When the Teien Museum of Art reopened late last year, after a period of refurbishment and expansion, the exhibition held was no real test for either the main building or the newly added annex. The art of Rei Naito was so minimalist that it seemed as though it was hardly there.
For the second show since the reopening, the Teien is again avoiding a real test. Its latest exhibition, “Fantaisie Merveilleuse: Classicism in French Art Deco,” is so aesthetically aligned with the style and look of the Teien — itself an art deco building — that the art can only complement what is already there.
For a real challenge the museum will probably have to wait for April’s “Masks — Beauty of the Spirits” exhibition, which will adorn its walls with an eclectic array of masks from various tribal and traditional societies.
The present exhibition, however, is a must-see for anyone interested in the art deco style. As signaled by the tagline “Classicism in French Art Deco,” the premise of the exhibition is to explore the influence of the classical style, normally associated with ancient Greece and Rome, on art deco.
It might be news to some that such an antique element could be at work in what is routinely viewed as a particularly modernist and avant-garde style, but the 1920s, when the art deco style arose, and the 1930s, when it predominated, were times of elegant rebuttal to many of the wilder, revolutionary tendencies unleashed at the start of the 20th century.
Much of this was political, with a fear of Communism and Red Terror prompting a return to older, traditional ideas and forms, but with a sense that these, too, had to recognize and incorporate modernity in some way. In its most extreme form, this tendency — both political and aesthetic — manifested itself in Fascism, which had a massive impact across Europe, so much so that it could even be said to have affected Soviet Russia in the triumph of Stalinism over Trotskyism and the favoring of Soviet Realism over more avant-garde artistic expressions, such as Constructivism.

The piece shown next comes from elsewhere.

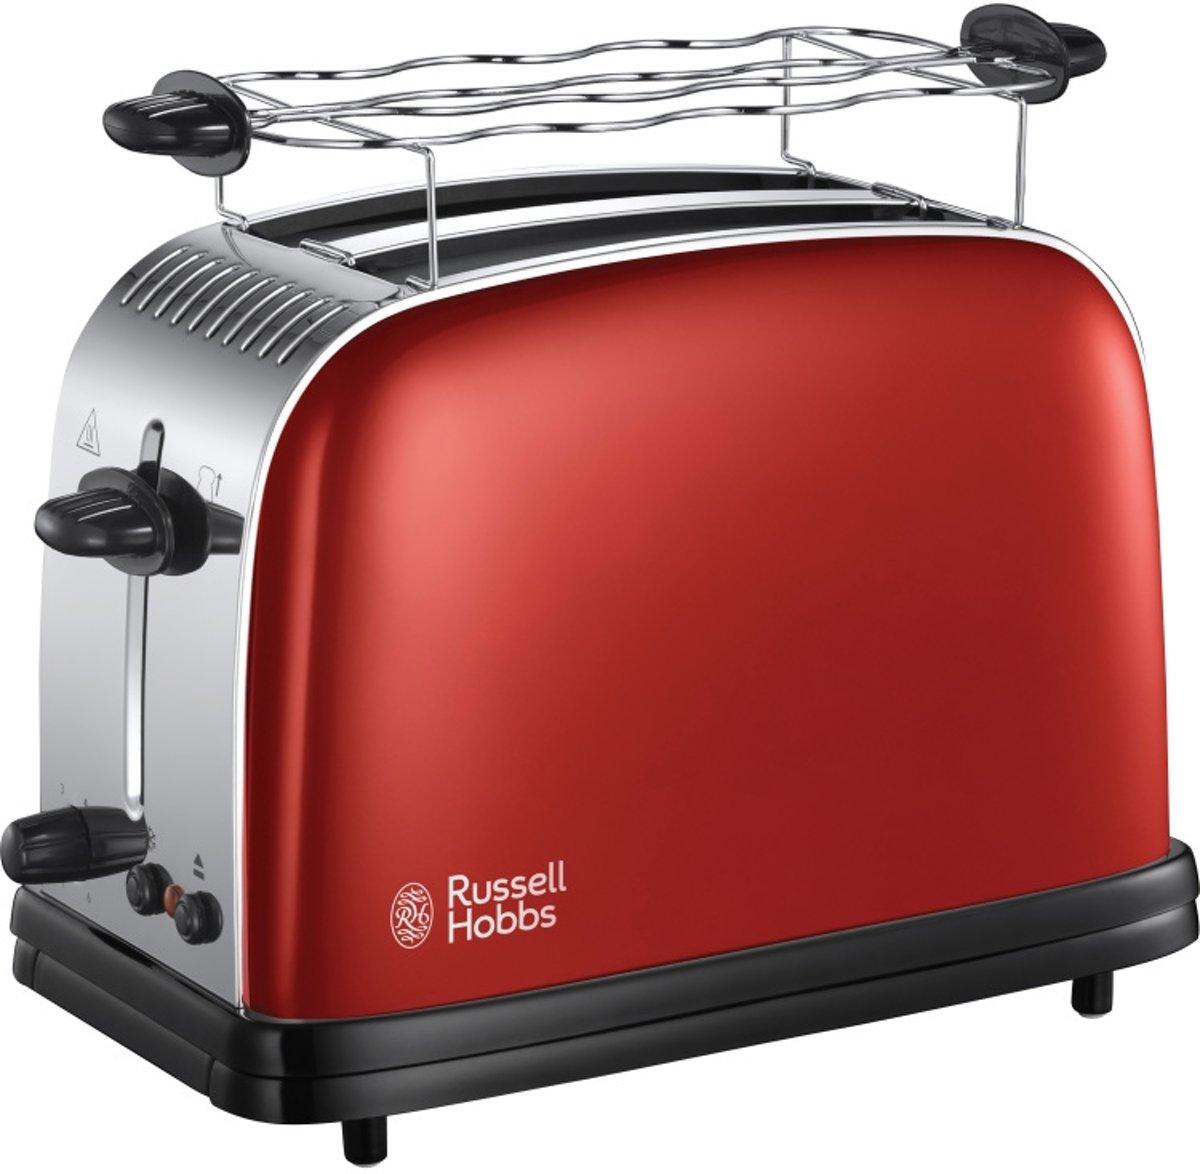 Prăjitor de pâine Russell Hobbs

Politically, France, the center of the art deco movement, never went fascist, but nor was it immune to the general zeitgeist. The paintings and sculpture at this exhibition have more than a hint of something analogous.
Perhaps the most obvious example at the exhibition is Raymond Delamarre’s “Model for the Suez Canal Defense Monument” (1930). These two austere, allegorical angel figures in limestone served as studies for the large-scale monument, which stands sphinx-like next to the Suez Canal, commemorating the defense of the waterway by a mainly British Indian army against an attack by a German Turkish force almost exactly 100 years ago. With their sleek lines and bulky proportions, Delamarre’s models invoke a spirit of 20th-century totalitarian art that would not be out of place in North Korea.
Alongside the streamlining of forms that characterise art deco, another element that evokes both the classical age, as well as certain totalitarian regimes, is the emphasis on healthy, unashamed, de-eroticized nudity.
At the time, nudism was something of a minor religion in places such as Germany, where the Freikorperkultur (Free Body Culture) of the 1920s had been coopted by the Nazis, and was expressed in such projects as Leni Riefenstahl’s movie “Olympia” (1938), which was certainly daring in its presentation of near naked bodies. French art deco shared this love of idealized nudity, as we see in Rene Lalique’s decorative clock motif for “Night and Day” (1926), where the crystal glass emphasizes the purity of the nude male and female forms.
Alongside these and other stridently naked figures, Andre Derain’s fleshy oil painting “Bather” (1925) and “Eve” (ca. 1923), a voluptuous drypoint engraving by Alfred Auguste Janniot, seem like throwbacks to older, eroticized views of the female form. Derain evokes a sense of voyeurism by presenting his nude from a sly side angle.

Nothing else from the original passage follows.